Я открывала и закрывала картонную коробочку в кармане пальто. Открывала и закрывала. Асфальт наконец-то покрылся белыми пятнами. У стены Московского вокзала седой бородатый мужчинка в футболке с фотографией Бодрова, надетой поверх тельняшки, и в наброшенной на плечи дубленке положил перед уличной собакой кости в целлофановом пакетике и, оглядываясь, чтобы проверить, ест ли, ушел. Я слушала, как хрустят пустые трубочки, с удовольствием поддаваясь голодным, жадным клыкам. Собака доела, облизнулась и посмотрела мне в глаза. Я улыбнулась, и мне показалось, что она улыбнулась мне в ответ. Ясно и однозначно. И вдруг собака завыла. Она выла долго, громко, и никто из других бродячих собак ей не отвечал.

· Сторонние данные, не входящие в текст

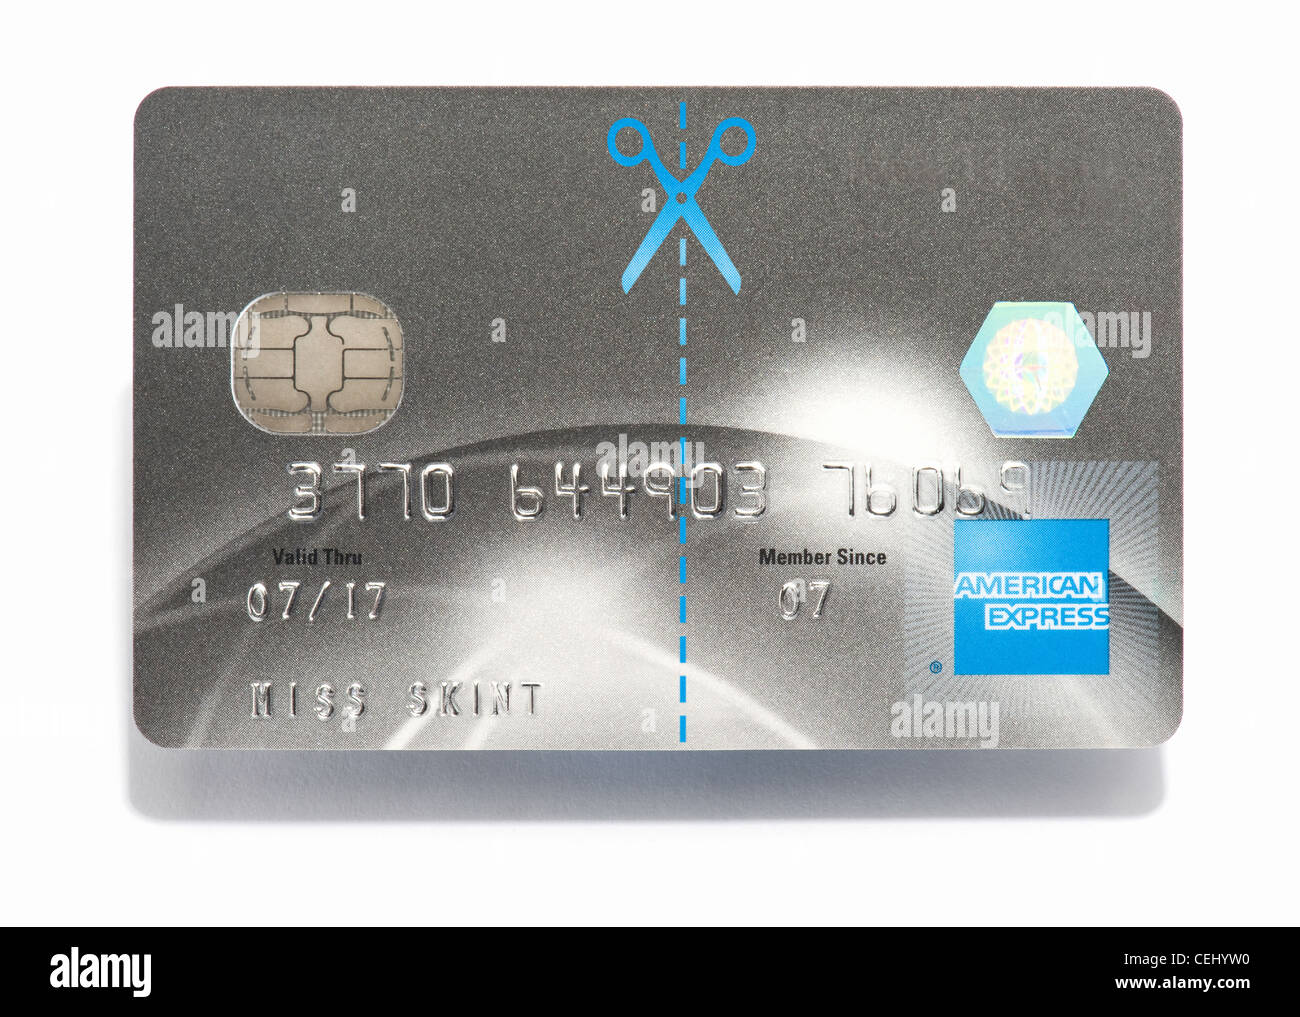 Il taglio a forbice di una carta di credito American Express Foto Stock

Небо было как слово, которое пишешь в диктанте не задумываясь, а потом возвращаешься к нему и понимаешь, что оно должно выглядеть как-то иначе, но как – непонятно. Что-то в небе было не так. Я остановилась, чтобы понять. По телу прошла волна, как от холода, но мне не было холодно. Облака на месте, на месте серый и мутный, засохший синий, чайка – белая с желтым, а на билборде не хватает зеленого. На билборде не хватает военного. Я прошла вперед, чтобы посмотреть на баннер с другой стороны, но там его не было тоже. В коридоре стояли грязные берцы. Юлианны слышно не было, и вообще ничего не было слышно, военный полулежал на моей кровати, и кровать, которая должна была скрипеть, под ним скрипеть боялась, сдерживалась. Я сделала нам кофе. Я почему-то знала, что он любит растворимый с двумя ложками сахара, я не размешивала, сказала я, надо размешать, и он стал колотить ложечкой о стенки чашки, а я воспользовалась этим, чтобы подойти к окну и убедиться, что на билборде никого нет – только надпись: «Настоящая мужская работа».